▸ **Input data**:
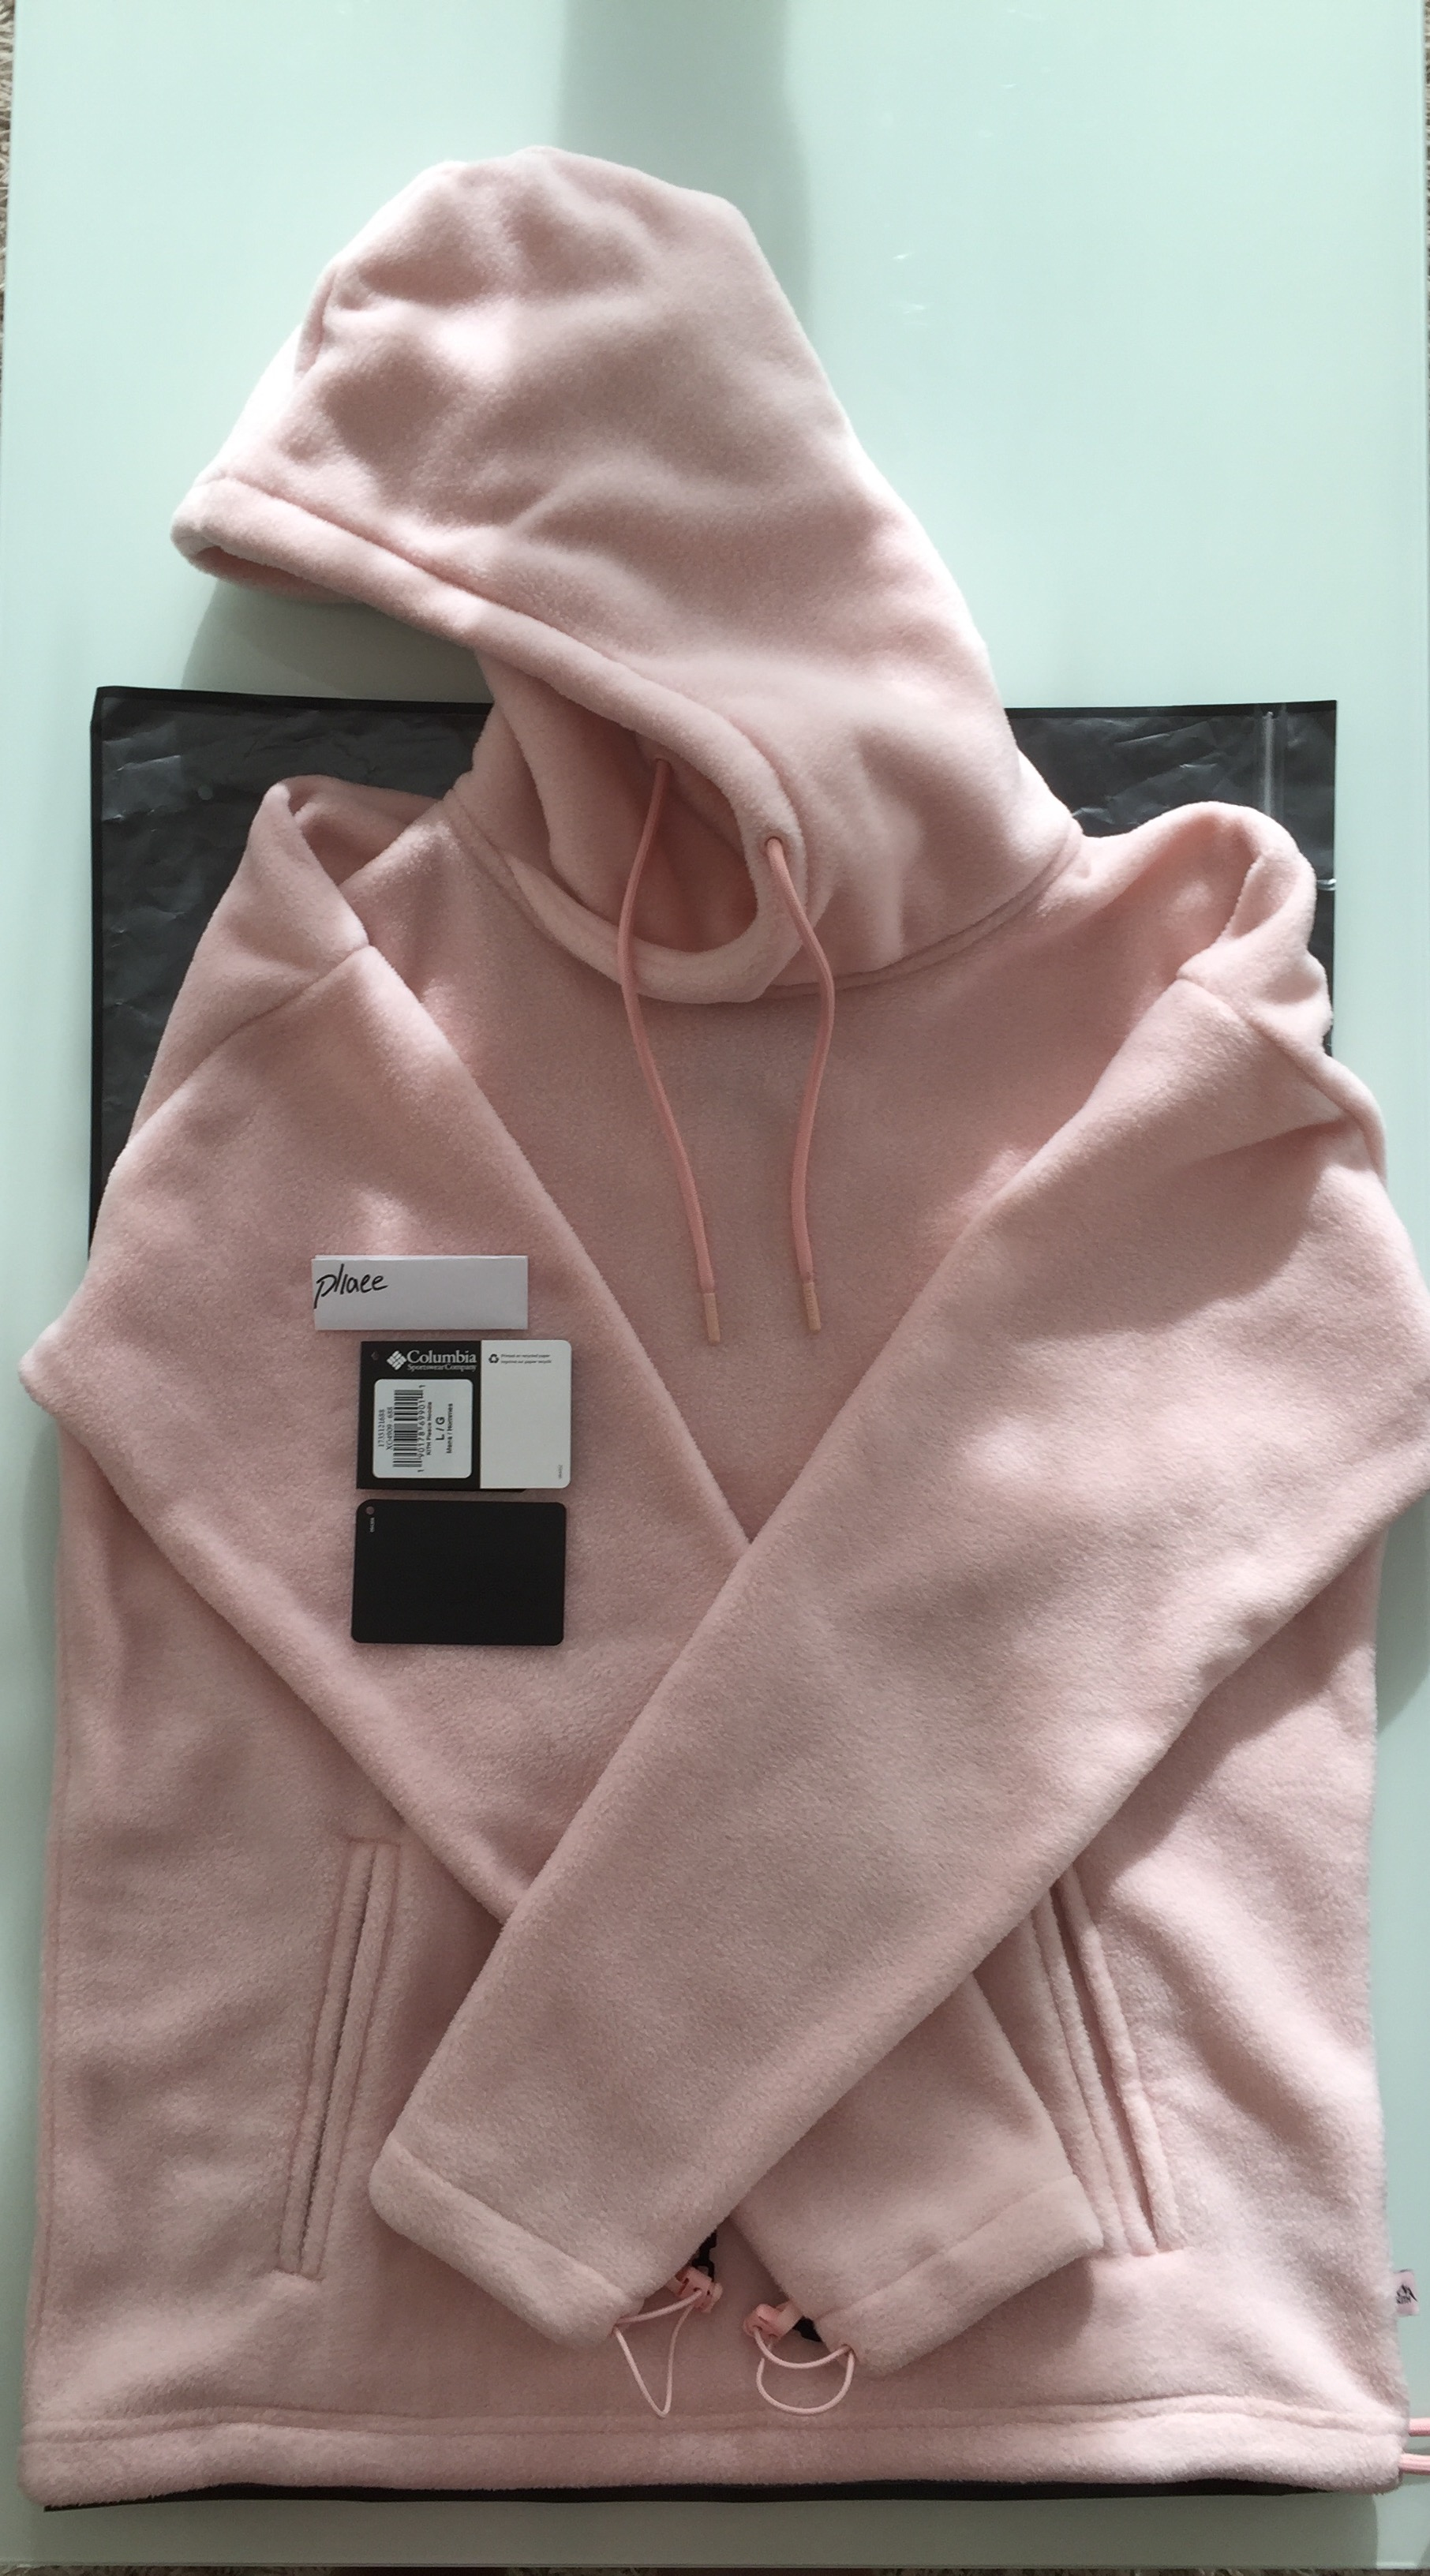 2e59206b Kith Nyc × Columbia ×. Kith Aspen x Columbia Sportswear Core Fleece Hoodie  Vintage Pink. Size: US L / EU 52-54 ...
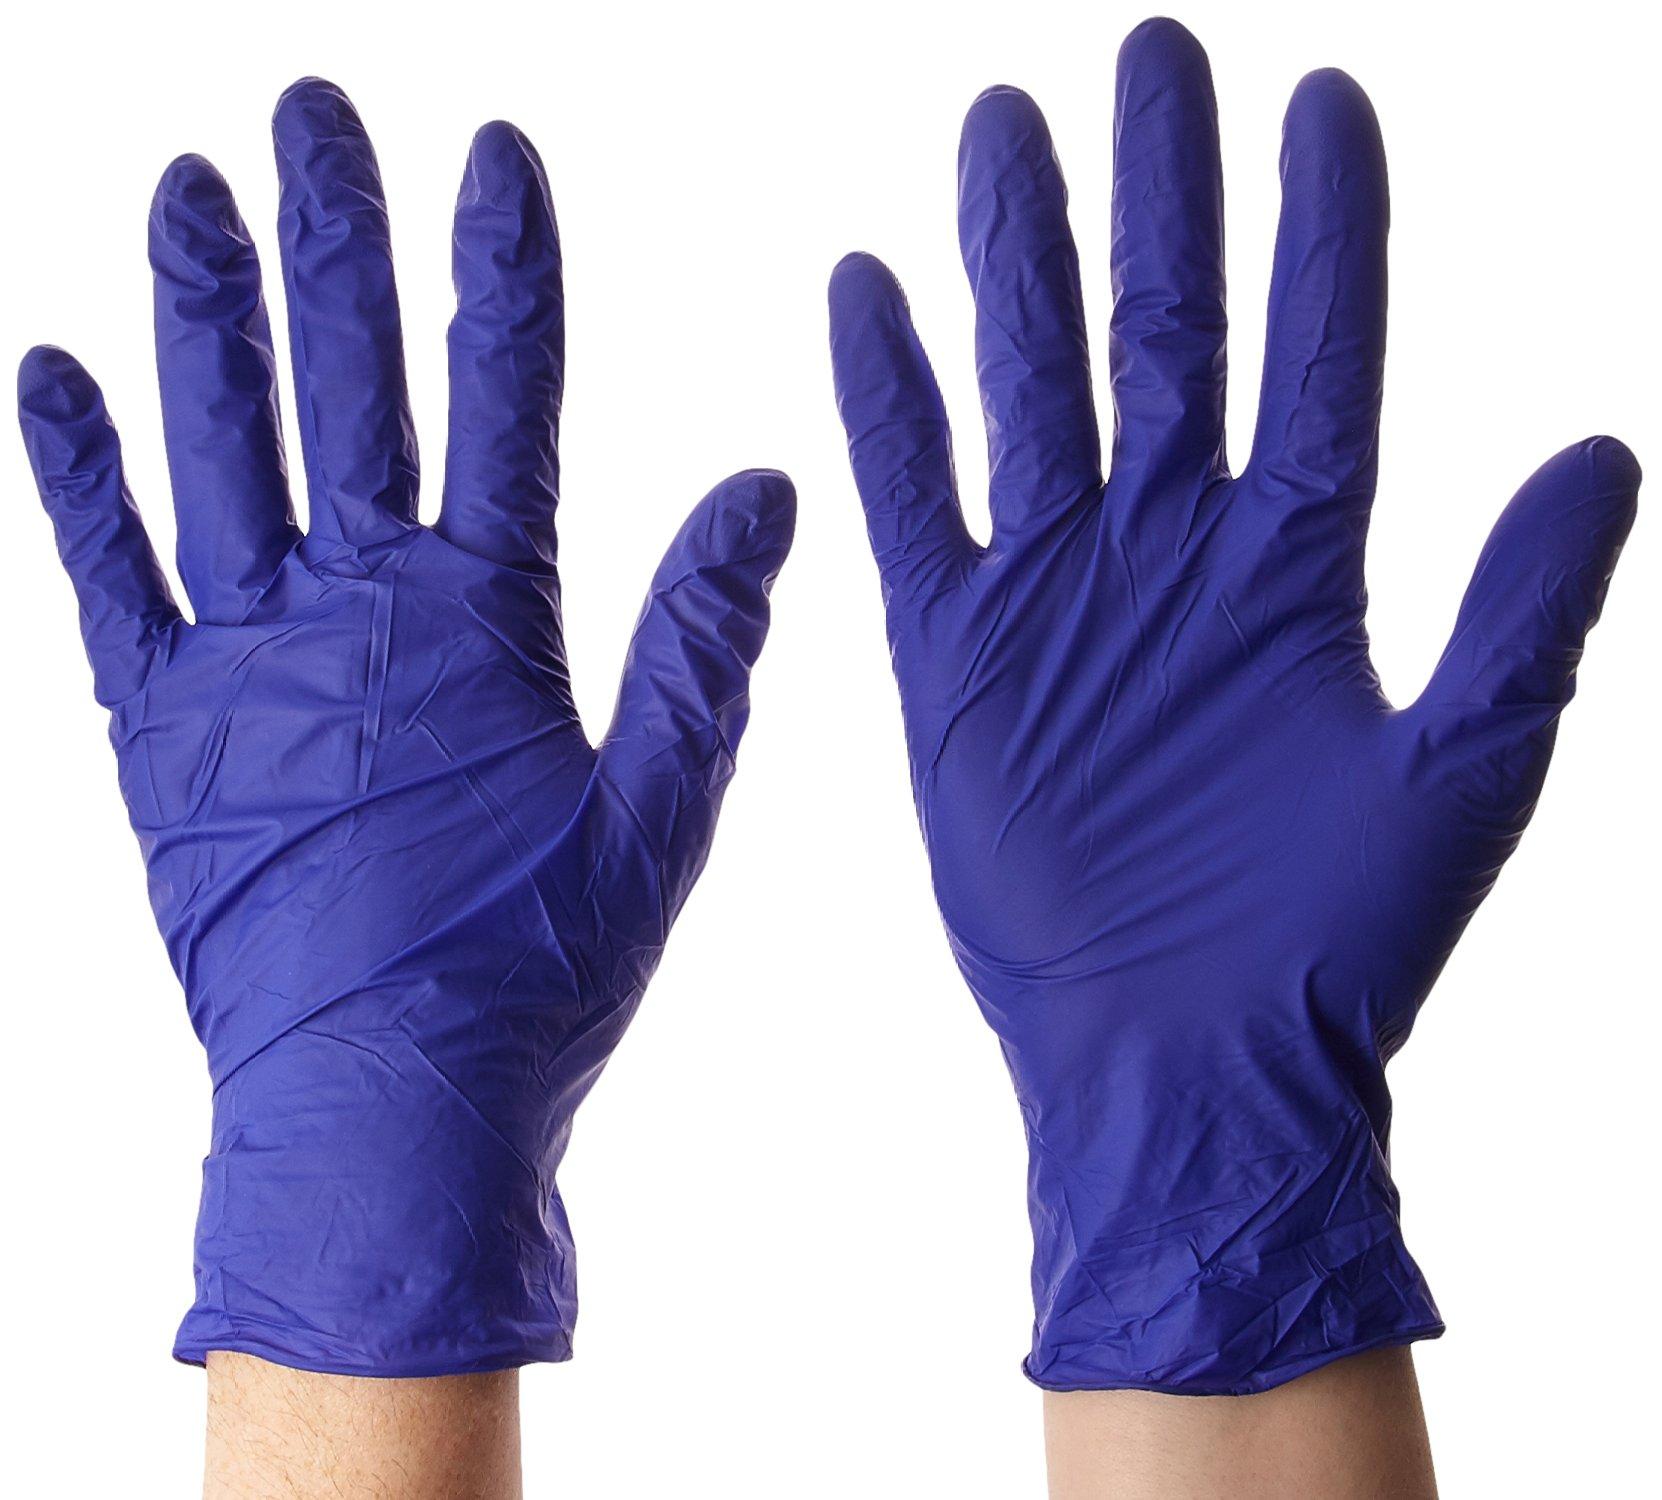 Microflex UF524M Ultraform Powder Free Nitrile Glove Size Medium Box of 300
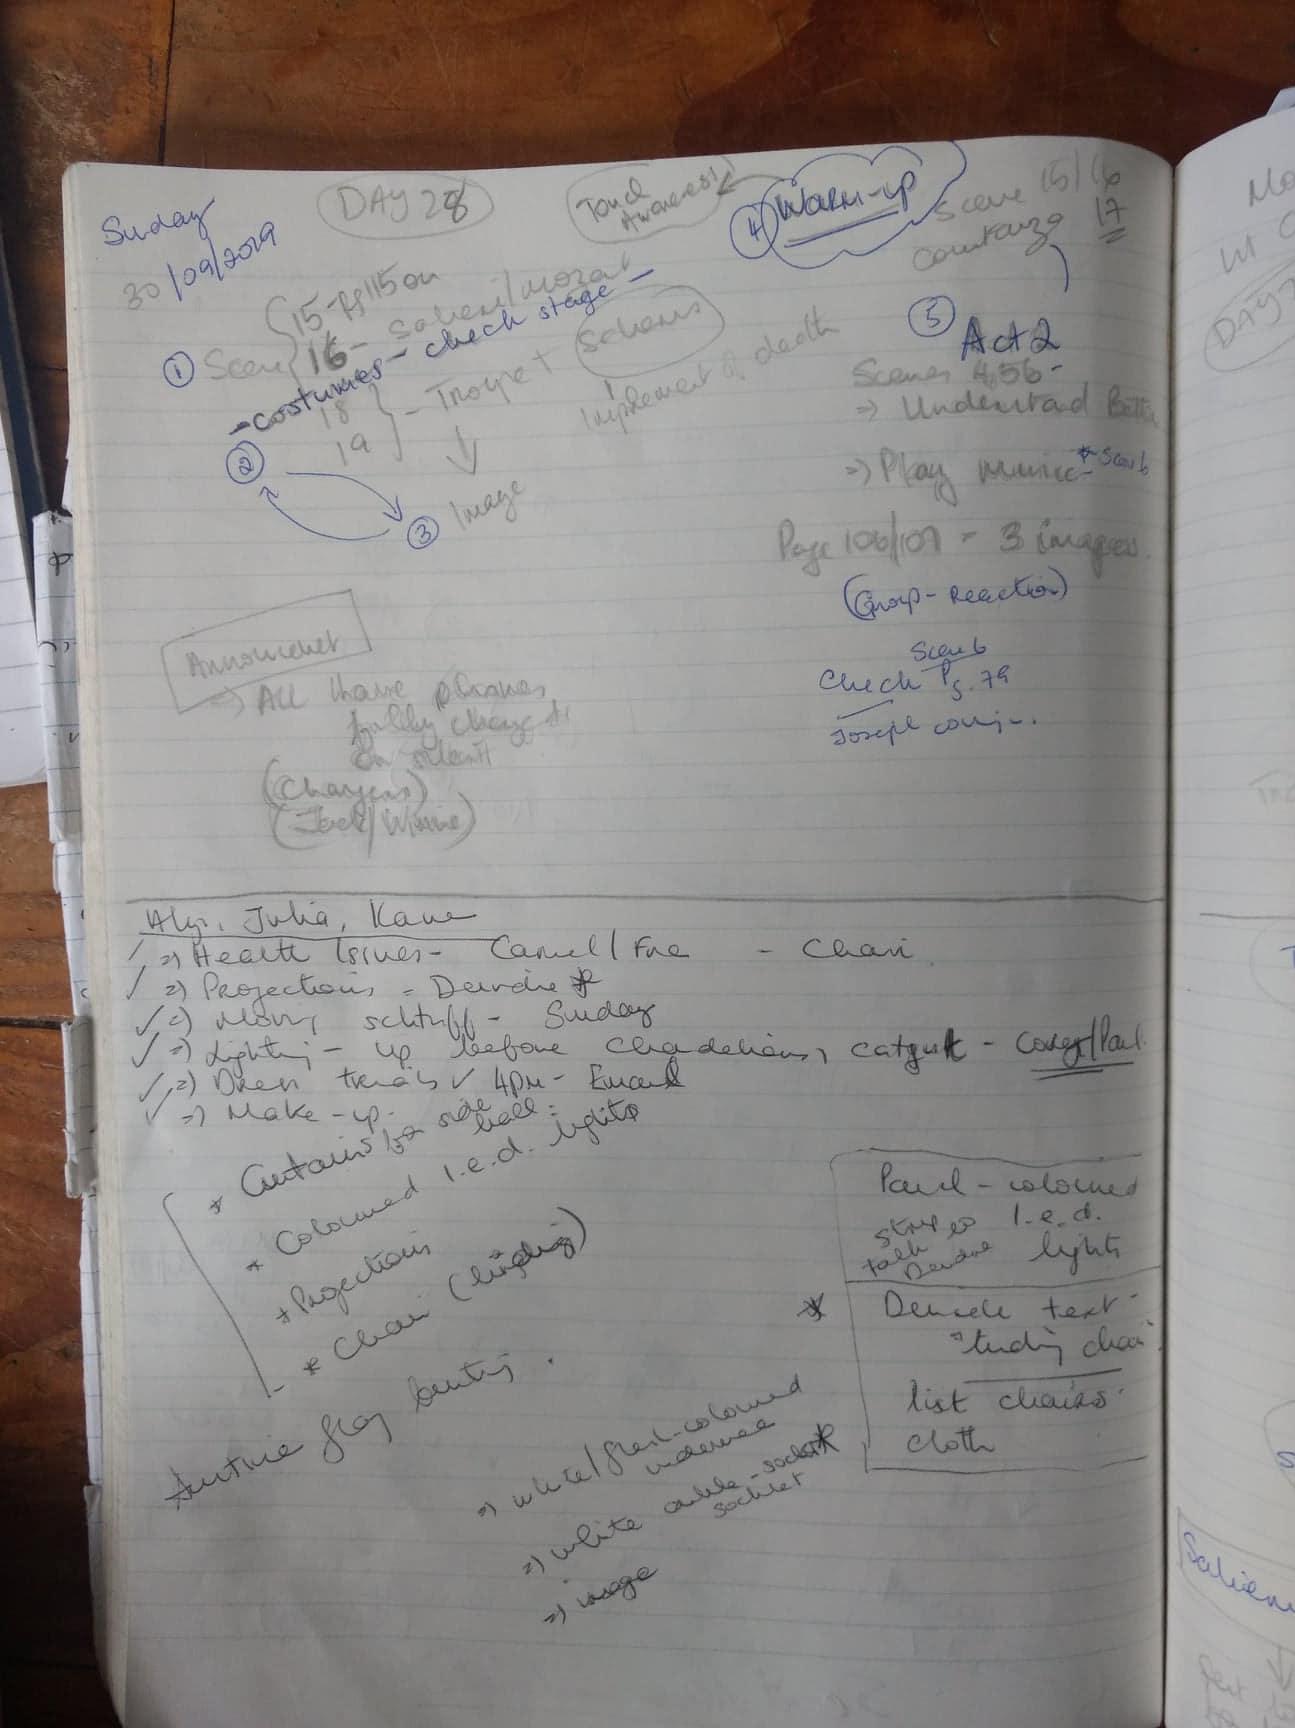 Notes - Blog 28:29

▸ **Task to complete**:
Skipping all images, output the listing exactly.

▸ **Answer to this exercise**:
 2e59206b Kith Nyc × Columbia ×. Kith Aspen x Columbia Sportswear Core Fleece Hoodie  Vintage Pink. Size: US L / EU 52-54 ...
 Microflex UF524M Ultraform Powder Free Nitrile Glove Size Medium Box of 300
 Notes - Blog 28:29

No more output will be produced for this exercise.